Both are made in small batches. Both are considered specialty roasts. 

One is roasted the same day you place an order and involves carefully selected beans from all over the world. 

The other is far less sustainable, costs anywhere between $35 and $80 for a single cup, and involves feces.

You heard that right: feces.

Kopi luwak, also known as "civet coffee" and "cat poop coffee," is widely considered the most expensive coffee in the world because of how allegedly little is produced each year and because of its unusual, feces-involving production.

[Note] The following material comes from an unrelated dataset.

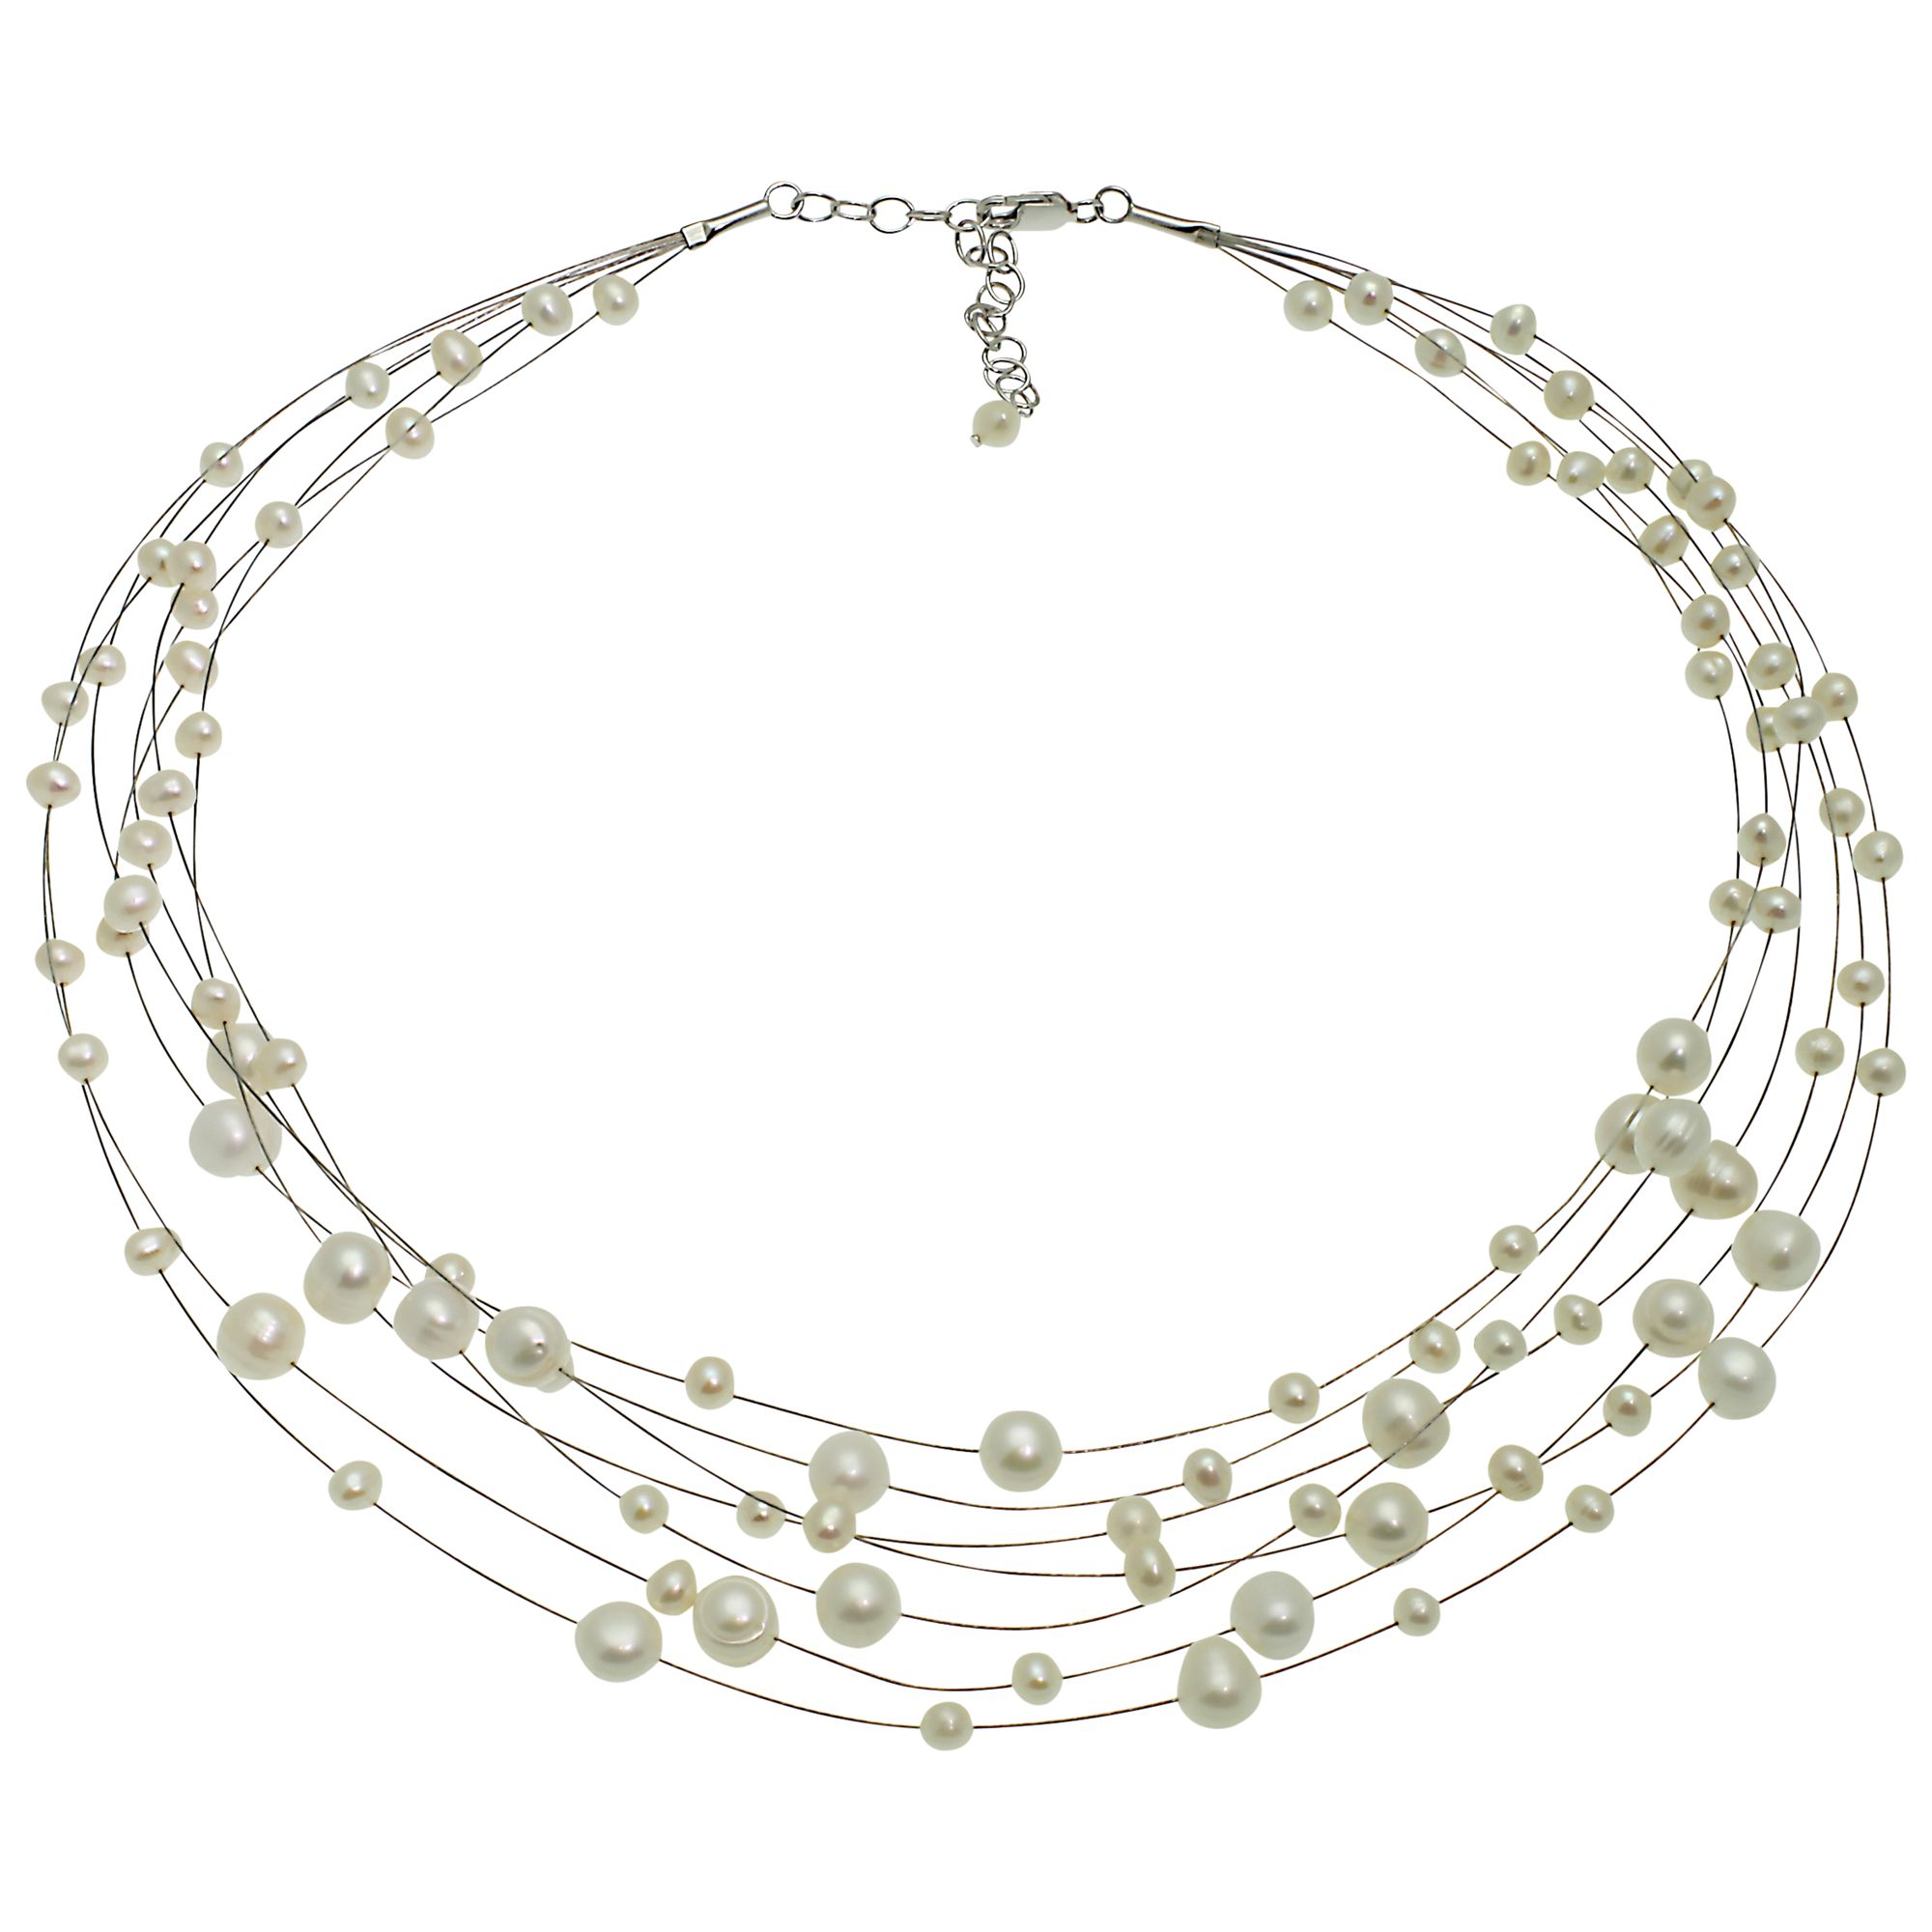 Lido Multi-Strand Freshwater Pearl Necklace,

Before kopi luwak beans go through the washing, drying, pounding, sorting, and roasting steps typical of any coffee processing, they are digested and excreted by a civet, a cat-like mammal found in Southeast Asia and Sub-Saharan Africa.

When civets eat coffee berries -- the fruit that surrounds coffee beans -- their digestive enzymes alter the structure of the proteins in the coffee beans and remove some of the acidity, according to a recent article from National Geographic. 

Once the beans are cleaned, washed, and processed, the beans are said to make for a uniquely smooth cup of coffee. 

But, as you may have guessed, it's no easy task to collect enough civet-excreted coffee beans in the wild for sustainable commercial production, which is the cause for kopi luwak's astronomically high price tag. 

Yet as word of kopi luwak's elusiveness has spread in the last 30 years, the number of kopi luwak producers have mushroomed and there are now countless commercial producers in Indonesia, India, Vietnam, China, and the Philippines. 

This means at least two things, according to Tony Wild, a coffee entrepreneur who says he was one of the first to import kopi luwak to the West.

In an editorial to the Guardian about how problematic the industry has become, Wild wrote that most kopi luwak beans today come from civets that have been "caught by poachers, caged and force-fed coffee cherries" in "appalling conditions." 

In the same editorial, Wild also argued that despite many producers' claims that only 500 kilograms of kopi luwak is produced each year -- again, a big part of the reason for the high price tag -- he puts actual yearly productions at 50 tons. 

And it's not just civet feces that is sought after anymore either: Thai elephants, Brazilian jacu birds, and Bonobo monkeys have also been forced into the trade. 

Our suggestion? Stick with your local sustainable coffee roaster.